From the line with "Katherine Hamnett clean" to the line with "Studwork embellishes the", retype each line exactly as it stands in the records below, but skip the pictures.

SOURCE RECORDS:
* * *
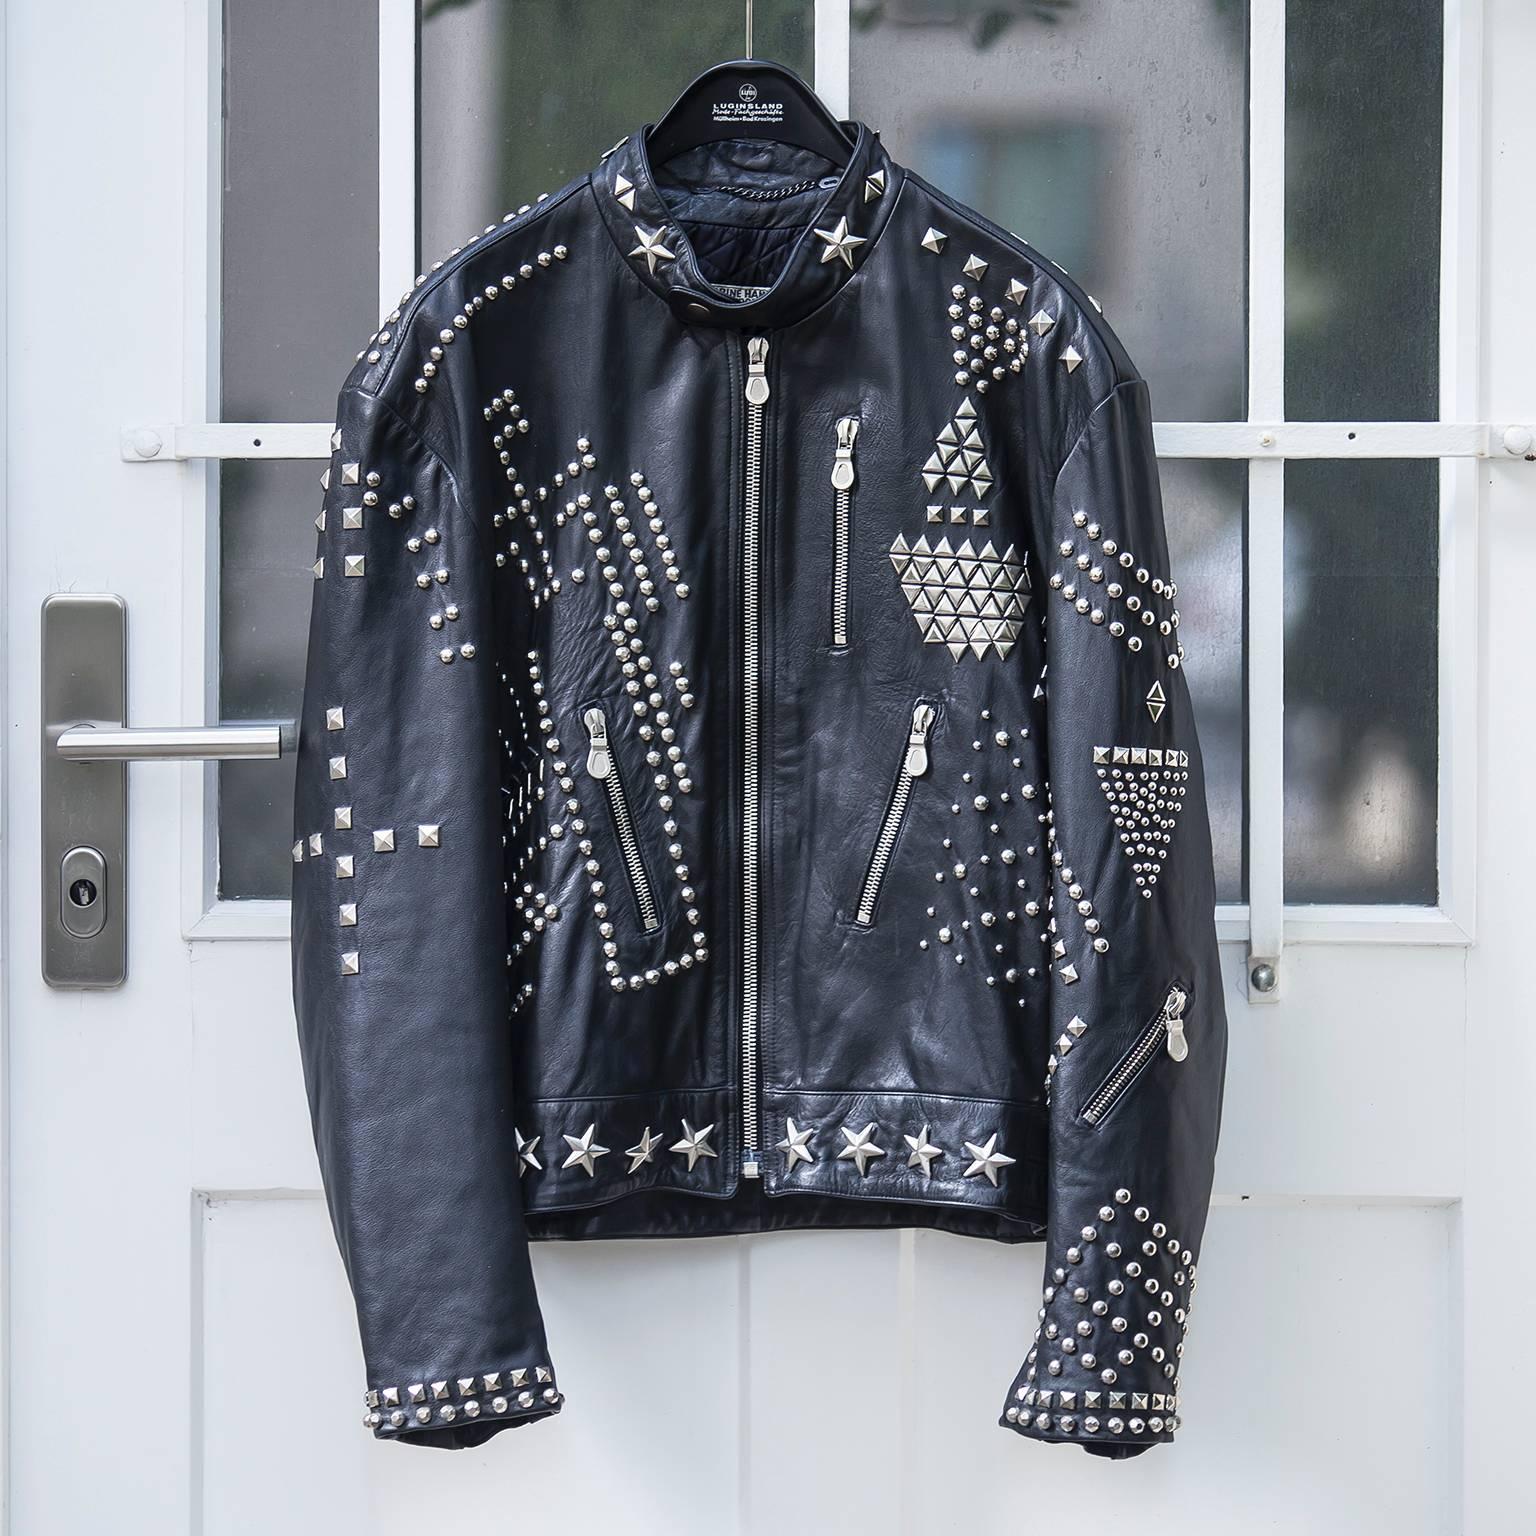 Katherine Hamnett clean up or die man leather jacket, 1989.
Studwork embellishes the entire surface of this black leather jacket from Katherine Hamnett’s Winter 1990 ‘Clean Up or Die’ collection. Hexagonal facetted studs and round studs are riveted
* * *
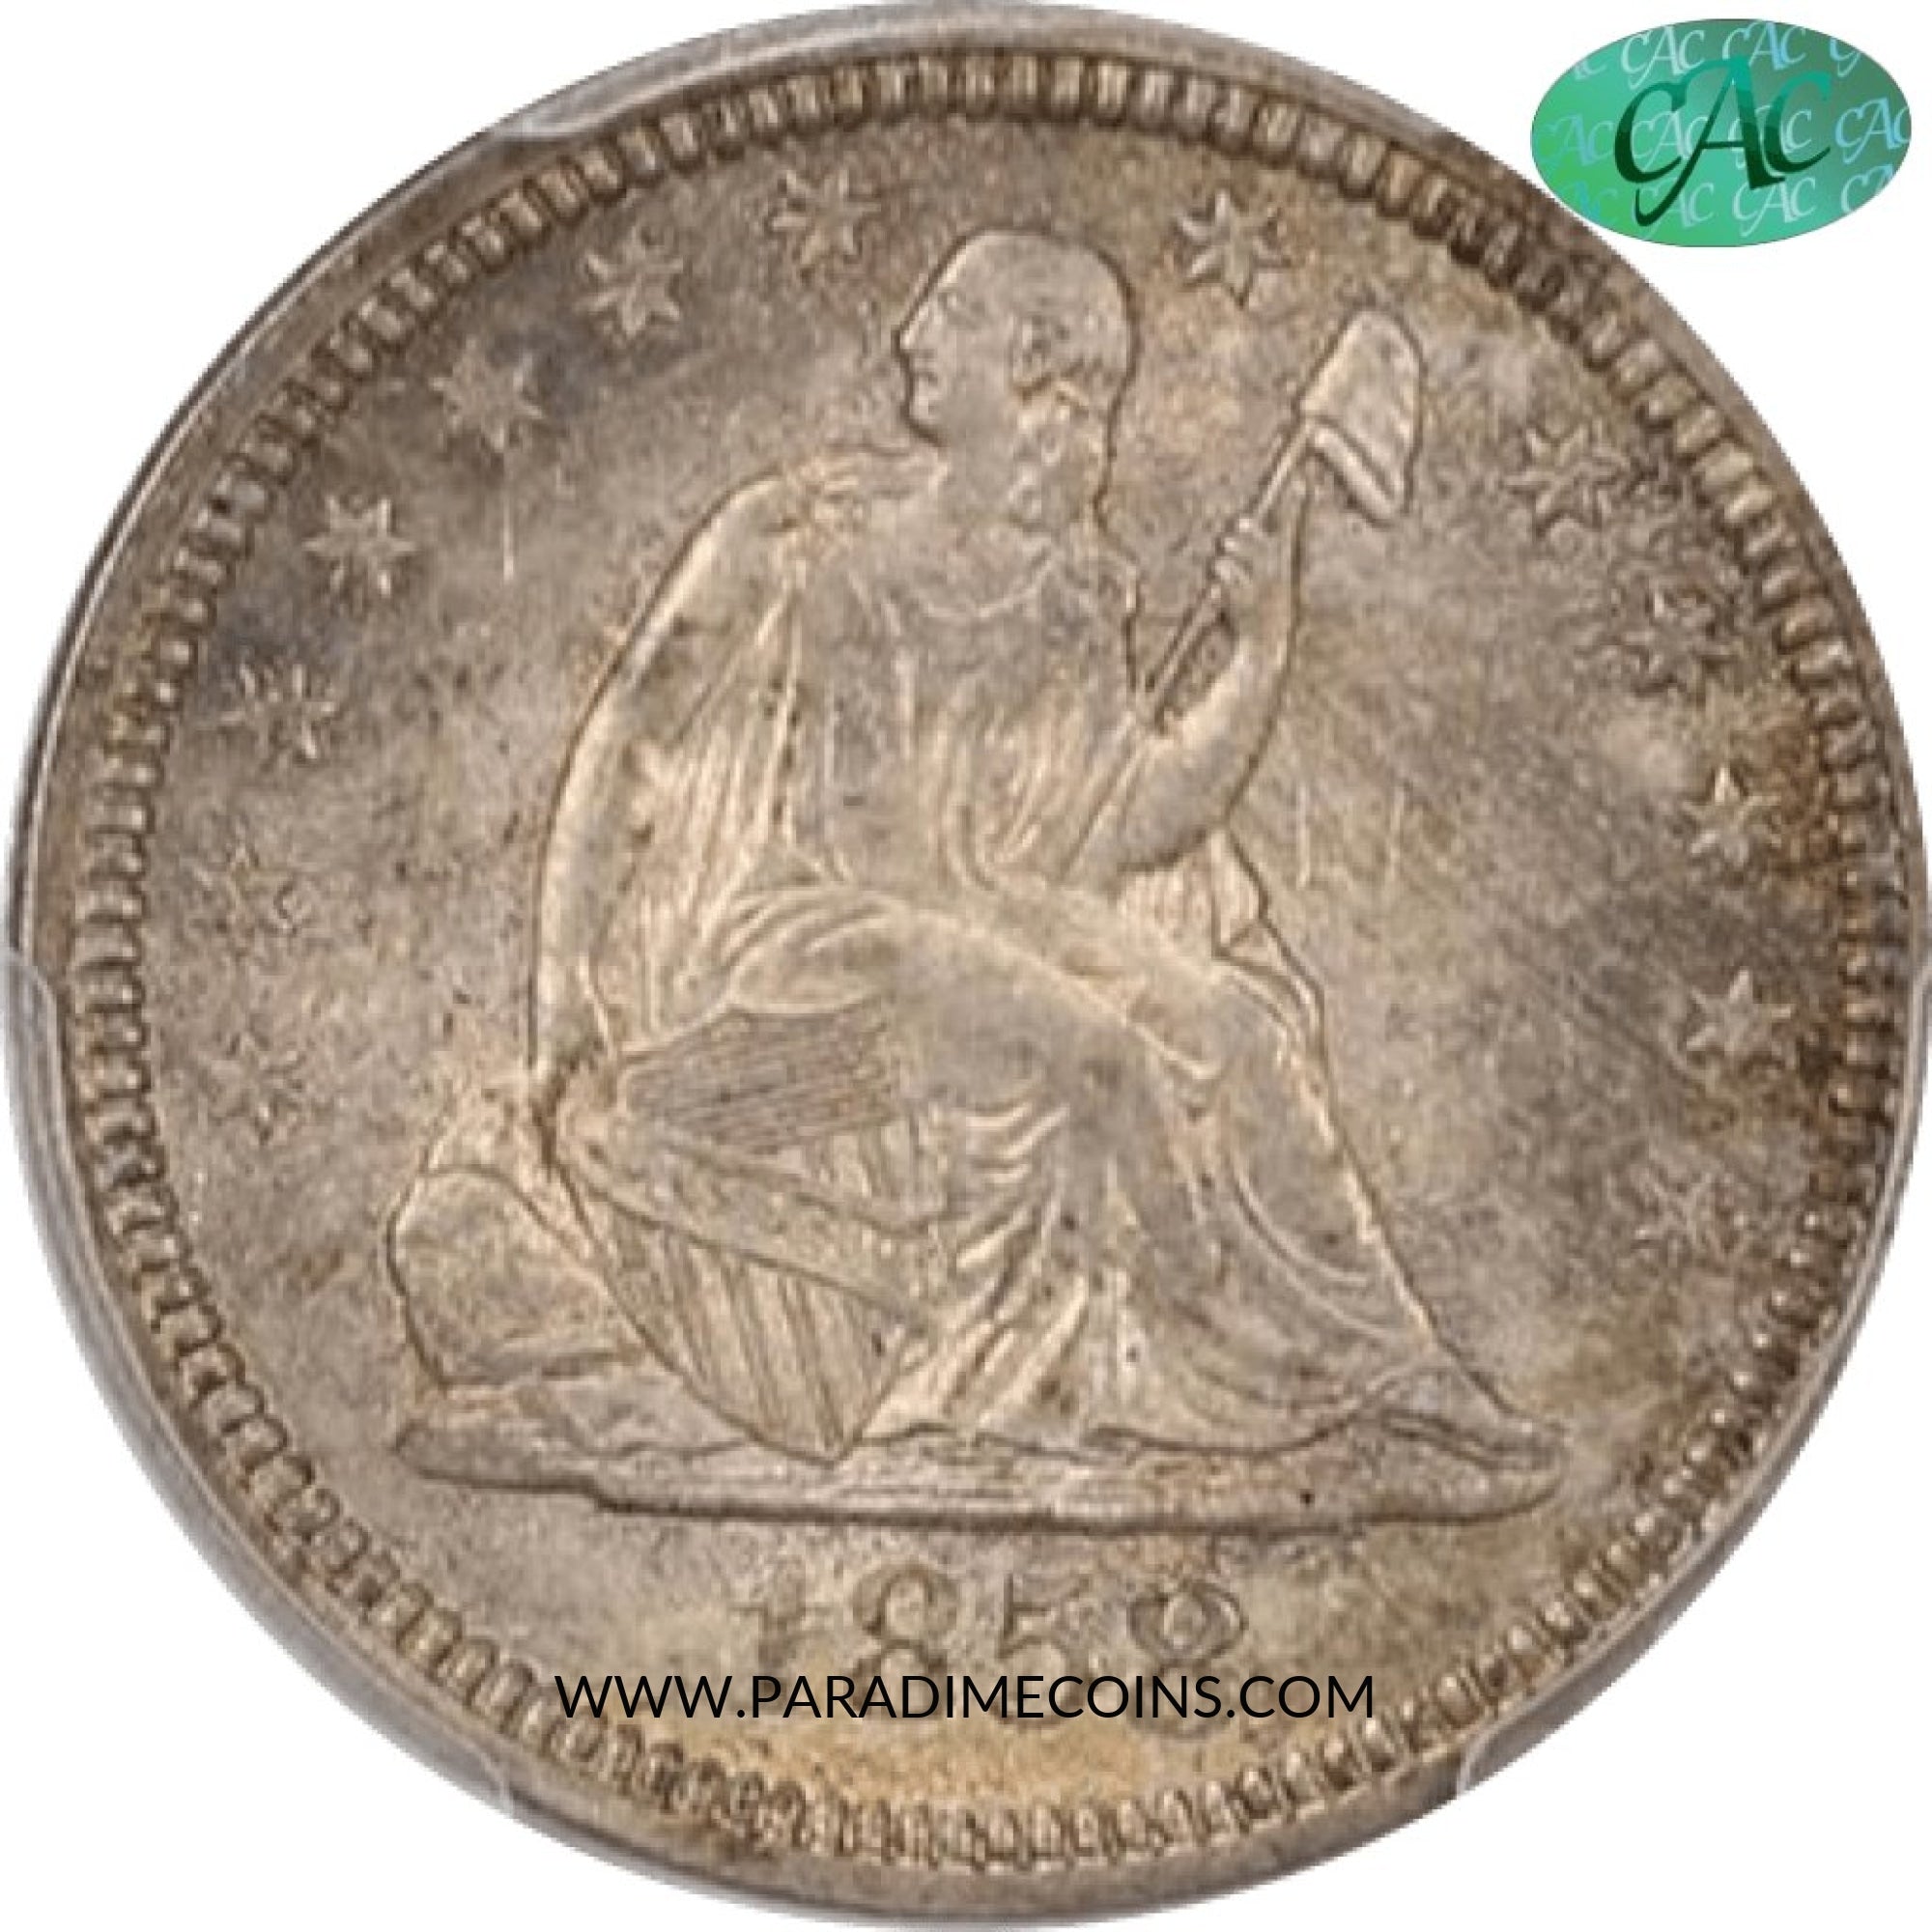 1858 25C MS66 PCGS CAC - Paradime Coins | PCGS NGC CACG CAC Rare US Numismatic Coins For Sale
* * *
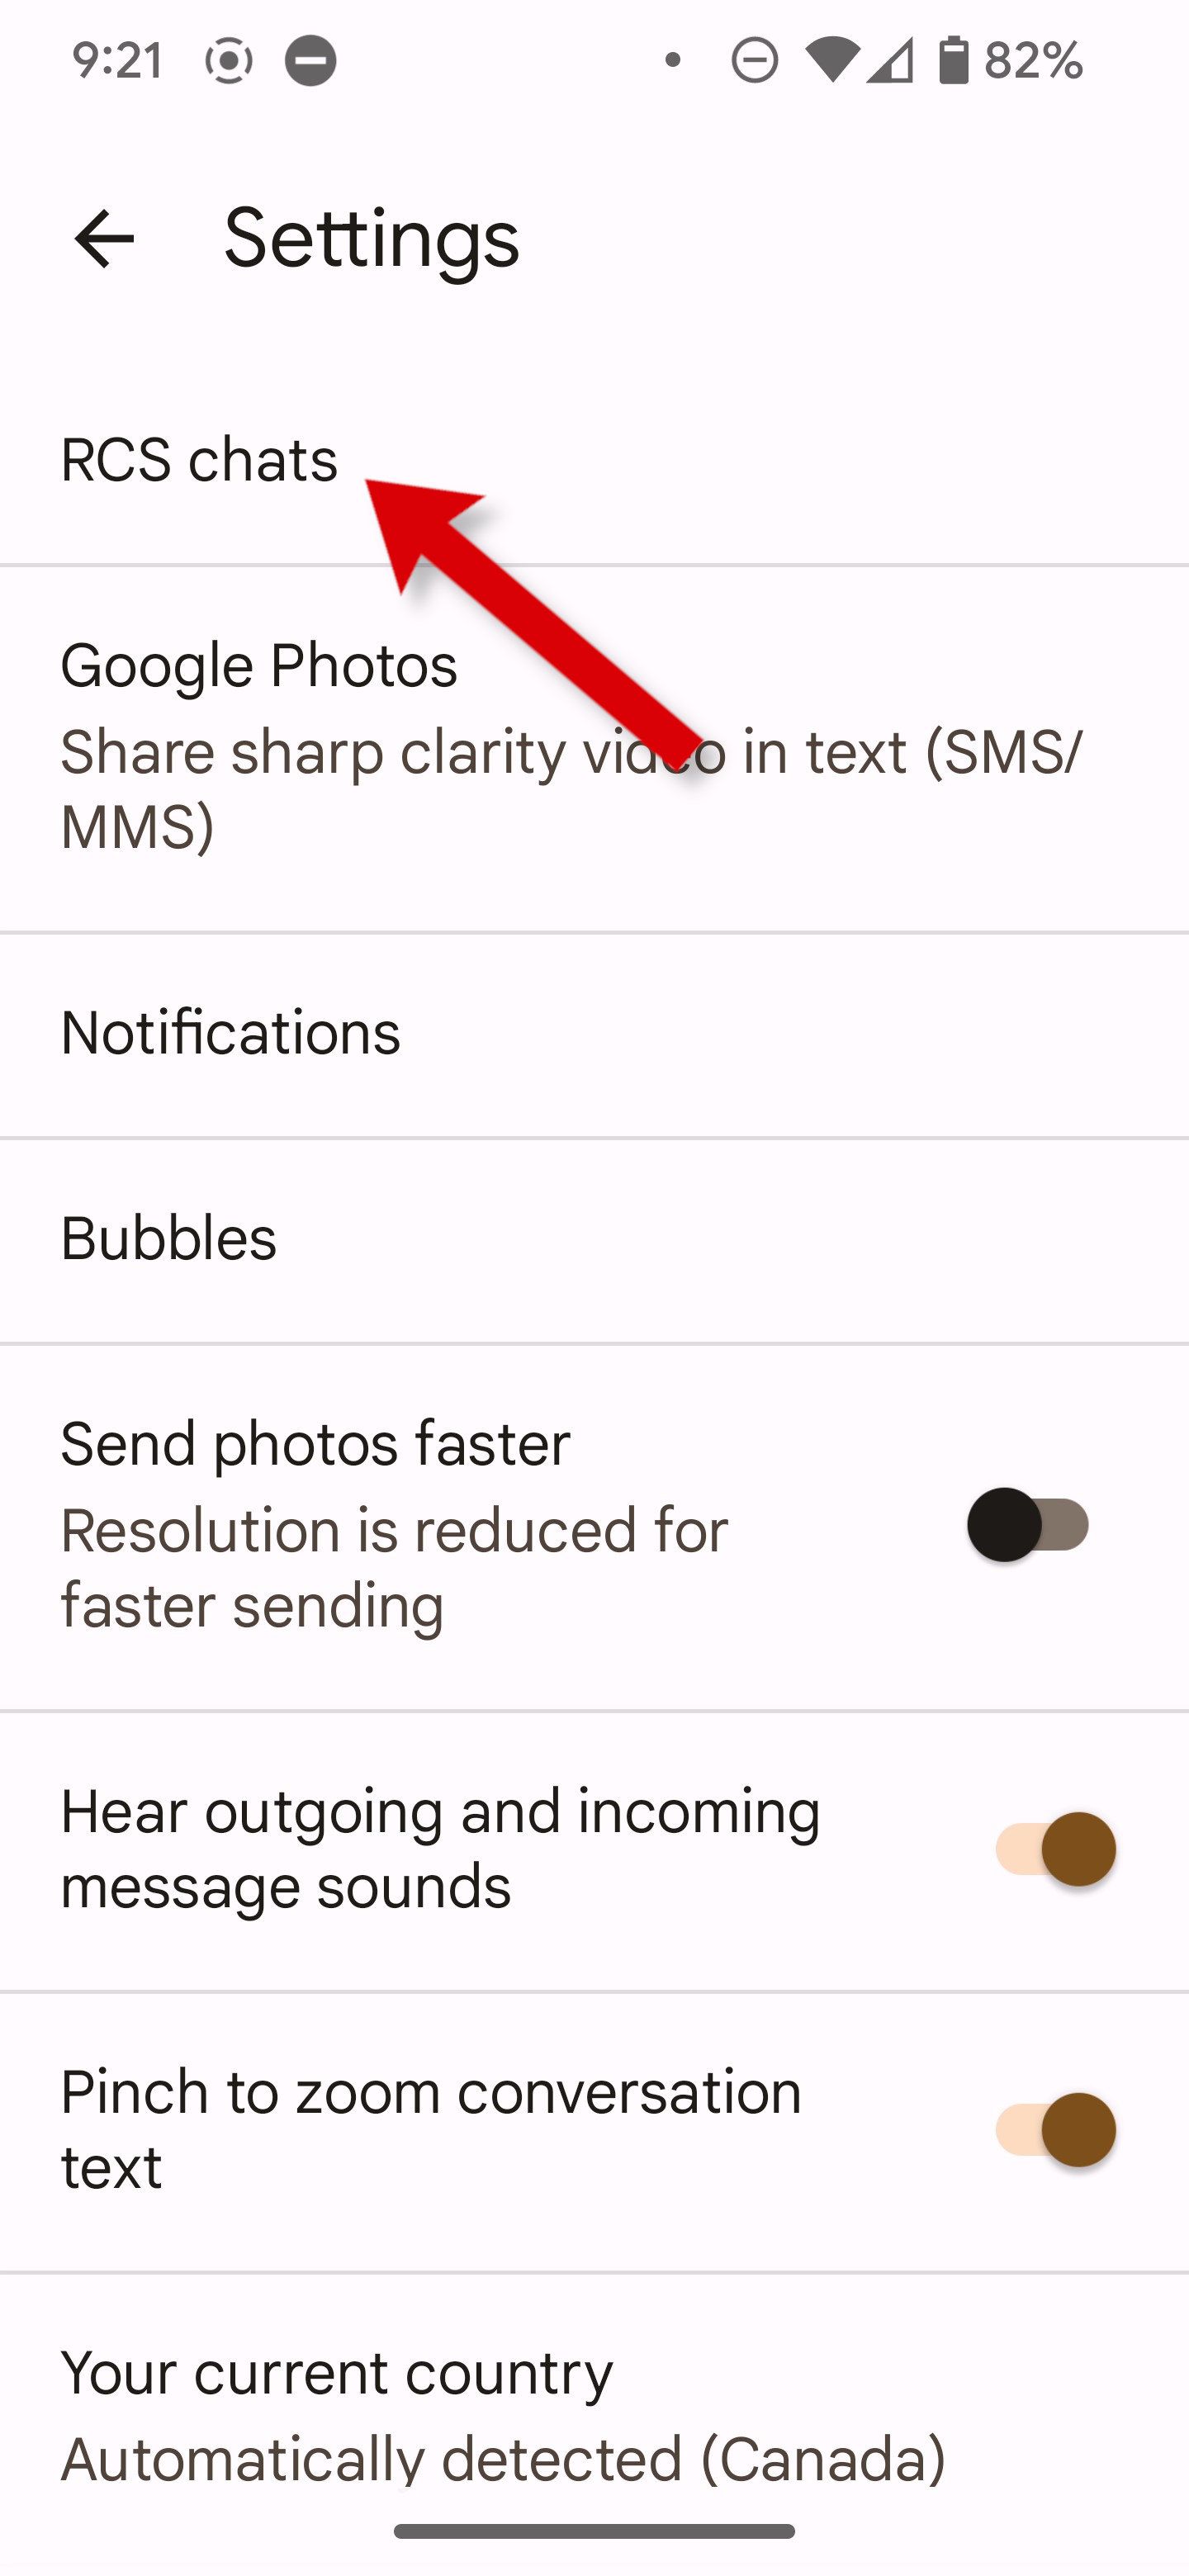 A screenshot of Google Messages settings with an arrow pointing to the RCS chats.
* * *
RESULT:
 Katherine Hamnett clean up or die man leather jacket, 1989.
Studwork embellishes the entire surface of this black leather jacket from Katherine Hamnett’s Winter 1990 ‘Clean Up or Die’ collection. Hexagonal facetted studs and round studs are riveted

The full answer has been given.